The Treaty of Guarantee is a treaty between Cyprus, Greece, Turkey, and the United Kingdom that was promulgated in 1960.

Article I bans Cyprus from participating in any political union or economic union with any other state. Article II requires the other parties to guarantee the independence, territorial integrity, and security of Cyprus.
Article IV reserves the right of the guarantor powers to take action to re-establish the current state of affairs in Cyprus, a provision that was used as justification for the Turkish invasion of 1974. The treaty also allowed the United Kingdom to retain sovereignty over two military bases.

Article IV entitled these three guarantor powers to multilateral action among them or, as a last resort if no concerted action seemed possible, each guarantor to unilateral actions confined to restoring its status according to the treaty as a democratic, bicommunal, single, sovereign independent state:

Initially, a bicommunal independent state was at stake because of the July 1974 coup and several Turkish Cypriot enclaves being attacked at the onset of the coup.

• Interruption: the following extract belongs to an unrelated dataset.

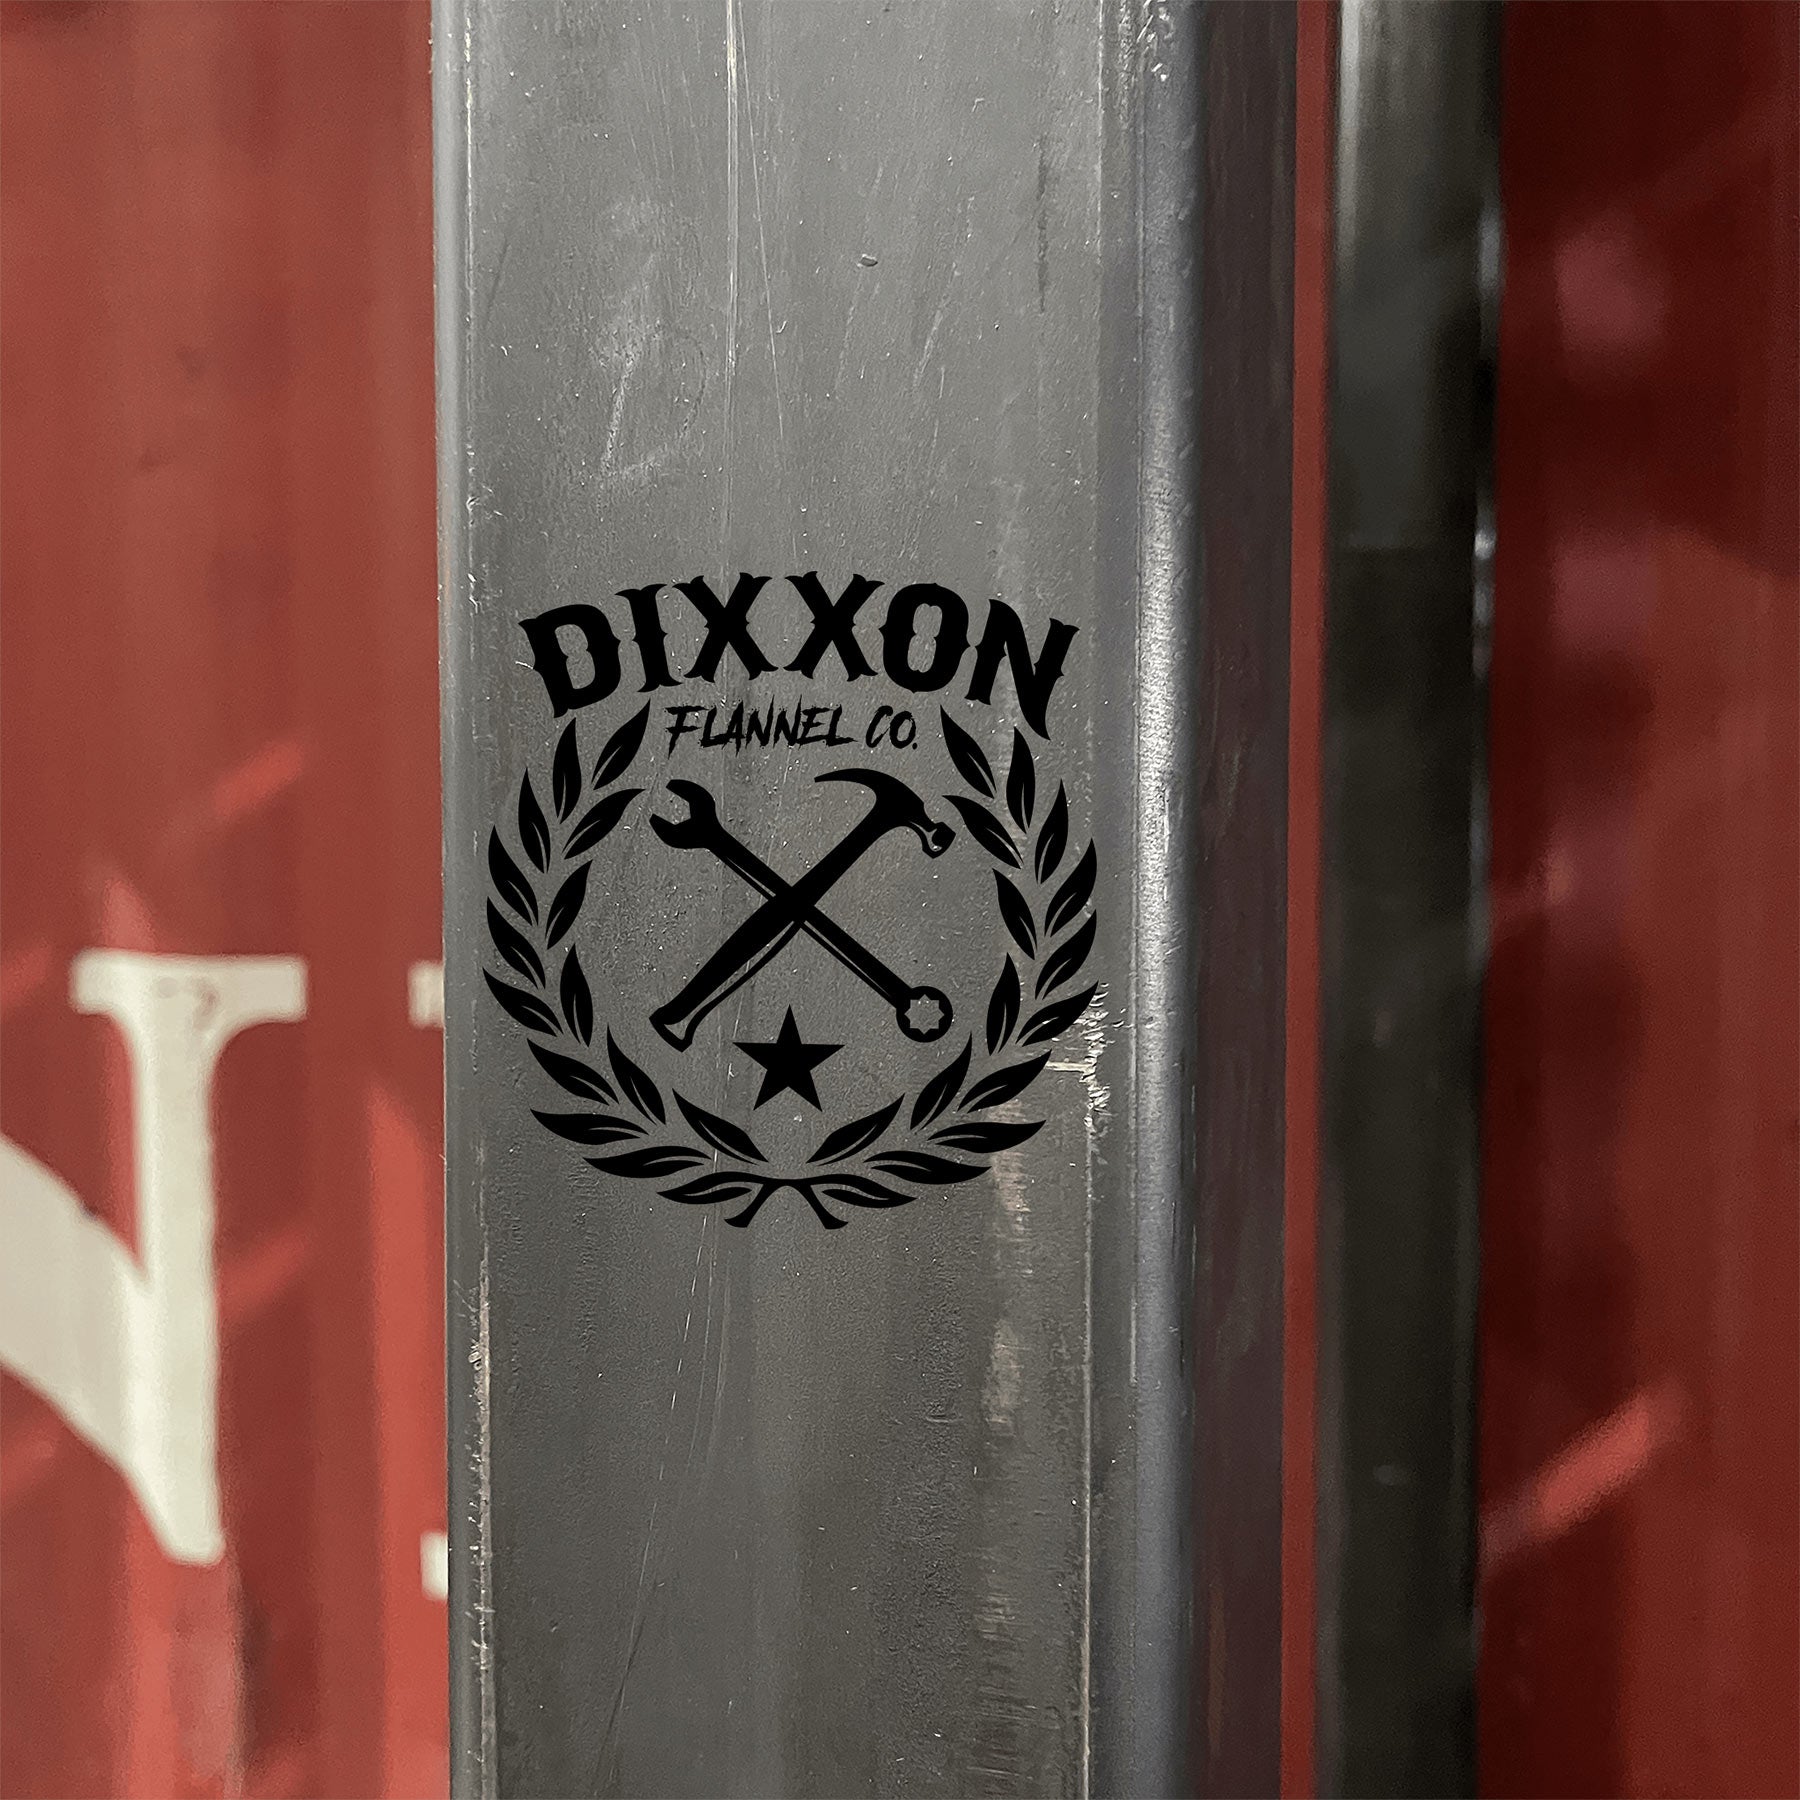 Crest 5" Die Cut Sticker - Black | Dixxon Flannel Co.

Those circumstances made Turkey claim the right to unilateral action, as provided by the treaty, by first invading and creating a bridgehead and corridor between Kyrenia and Nicosia enclave.

In the second invasion campaign, Turkish forces invaded and held on to one third of the island, resulting in effective partition of the island and secession of the parts of the island under its military control. 

Turkish Cypriots and Turkey view the second invasion and the effective partition as legal, citing how bicommunalism had already ended from 1964 and onwards. They maintain that the Turkish intervention did not alter the state of affairs created by the 1960 treaties, as separated communities already existed before the intervention, after provisions guaranteeing equal status of the two communities had already been violated by Greek Cypriot amendments.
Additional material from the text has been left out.